VMware Cloud Disaster Recovery provides a framework for protecting VMware workloads - either in on-premises vCenter environments or in VMC on AWS SDDCs There are protected to a cloud-based repository (SCFS) of Recovery Points that can be used to fail over VM operations to a Recovery SDDC running in VMware Cloud on AWS.
This document will evolve over time as new practices and areas of consideration are added. It is suggested to use the dynamic html link to the guide whenever possible to reference the content.
Purpose of This Guide
This guide takes you through several areas of using VMware Cloud Disaster Recovery in a variety of situations. The goal is to provide insights and criteria that can be applied to your specific deployment scenarios.
For more information, see the Product Documentation.
Audience
This guide is intended for IT administrators and product evaluators who are familiar with VMware Cloud Disaster Recovery. Familiarity with VMware vSphere and VMware vCenter Server as well familiarity with networking and storage in a virtual environment, Active Directory, identity management, and directory services is assumed.
Prerequisites
This guide assumes a basic working knowledge of VMware Cloud on AWS, VMware Cloud Disaster Recovery, vSphere and vCenter environments.
Protecting Workloads
This section will focus on the elements of VMware Cloud Disaster Recovery that pertain to protecting the VM workloads in preparation for disaster recovery failover needs.
Protecting workloads with VMware Cloud DR involves setting up the Protected Site(s) and defining Protection Group policies.
These are documented in more detail in the product documentation here:
Implementation considerations for these two operational setup tasks are discussed below.
Protected Sites
Understanding how the data flows from the Protected Site DRaaS Connector(s) to the Scale-out Cloud File System (SCFS) will help in designing and implementing a good site topology.
Each VMware Cloud DR instance can support multiple Protected Sites and each Protected Site can support multiple DRaaS Connectors and multiple vCenter Server registrations.

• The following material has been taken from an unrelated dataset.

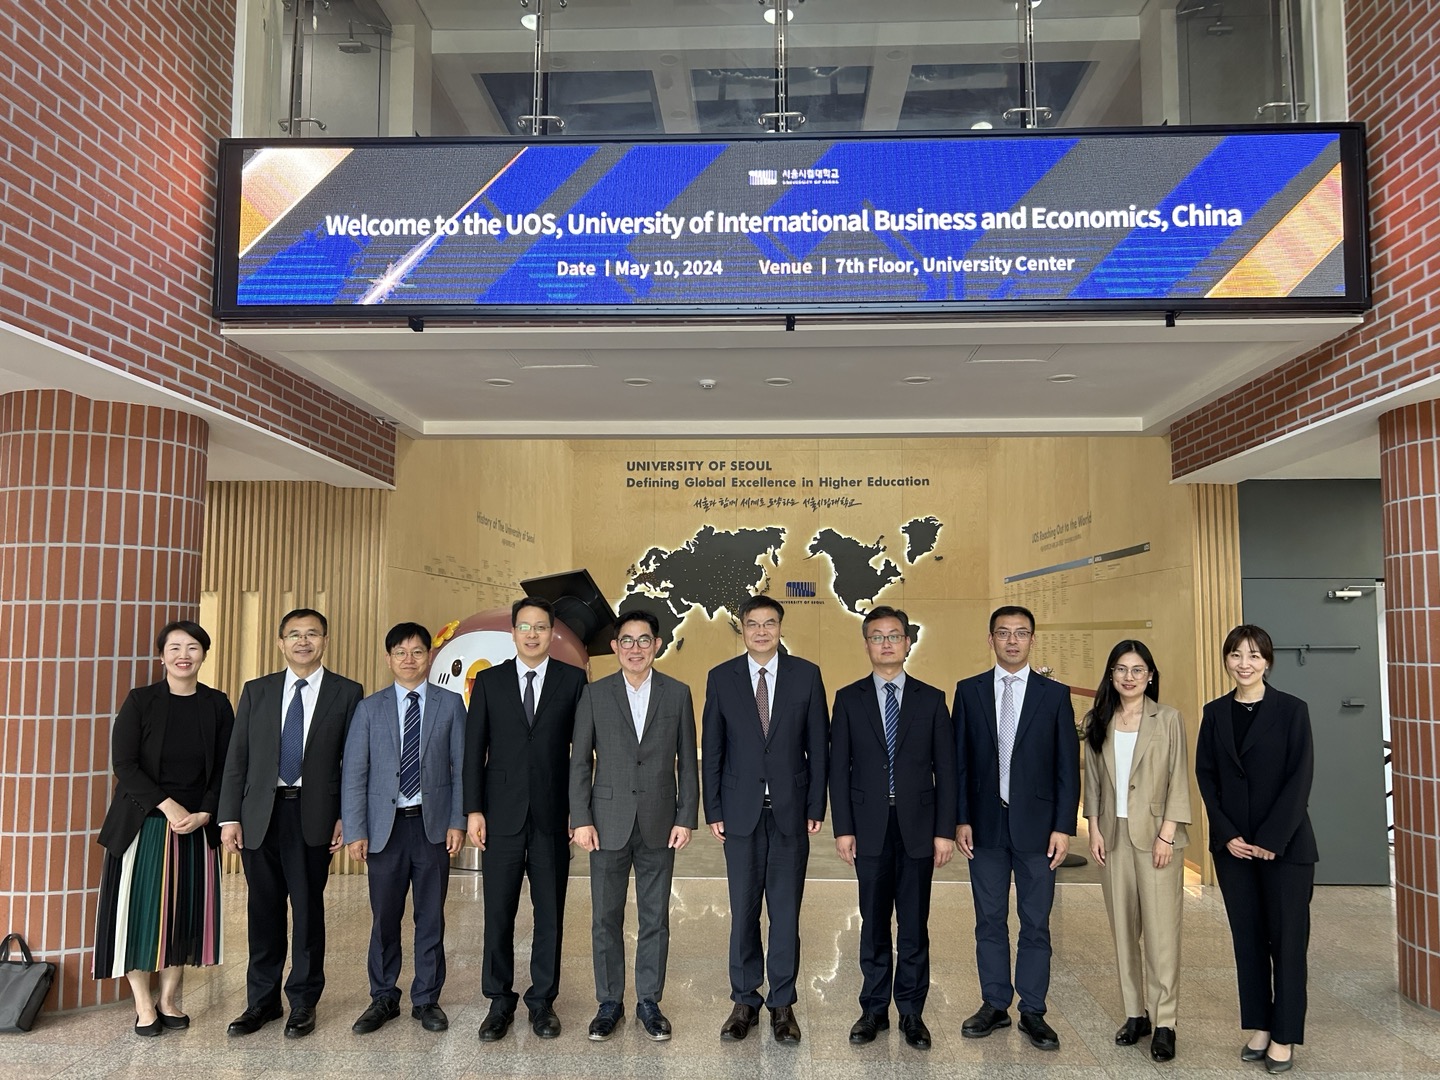 University of International Business and Economics, China, visited UOS

The current configurations limits on these are found in the online ConfigMax tool. Each DRaaS Connector has a recommended limit of VMs from the VCenter inventories that it will need to handle.
These limits need to be considered to provide optimal resiliency and performance considerations.

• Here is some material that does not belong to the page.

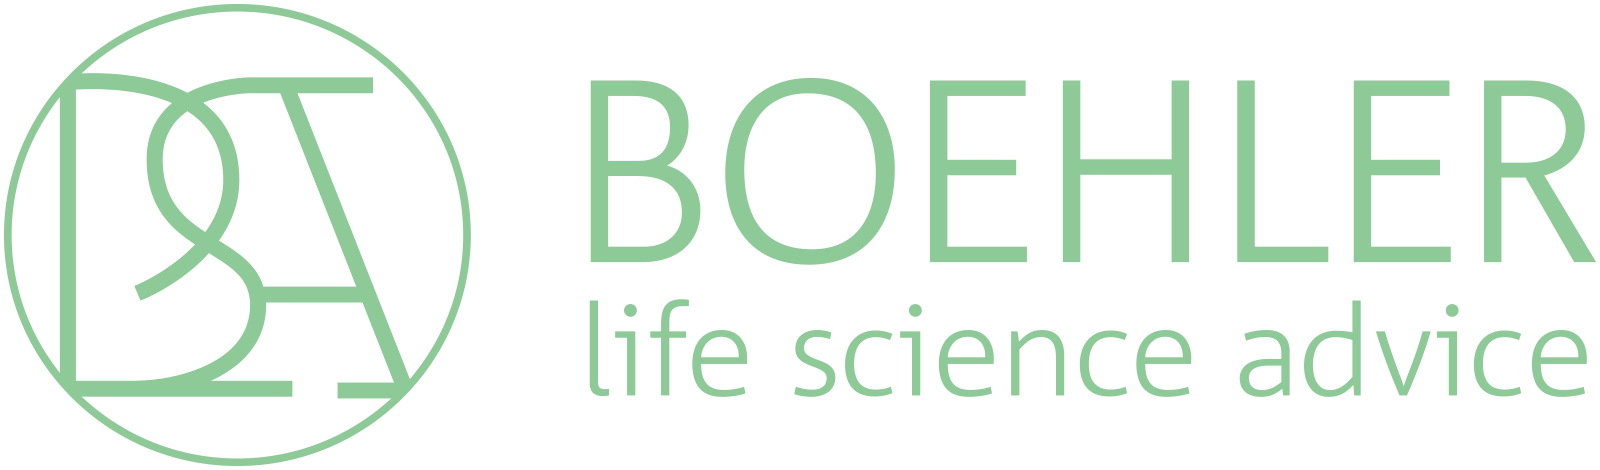 BOEHLER life science advice

Some other logistic considerations are outlined below.
Practice – network connectivity for replication traffic
Note that VMware Cloud DR does not carry or configure user traffic to failed over VMs. Please see the VMC on AWS documentation for user traffic options.
The replication connection can be configured over a public interface (either internet or DX) or over a private DX method:
- public internet including AWS Public VIF Direct Connect (DX) – with this option VMware Cloud DR securely replicates VMs via SSL over the public internet to the SCFS service. In the use of an AWS public VIF traffic will enter your private side of the connection and exit the public side of the AWS network.
- private interface via Direct Connect (DX) – alternatively customers can use an AWS Private VIF connection if they wish to keep all replication off public infrastructure either over the internet or within the AWS network.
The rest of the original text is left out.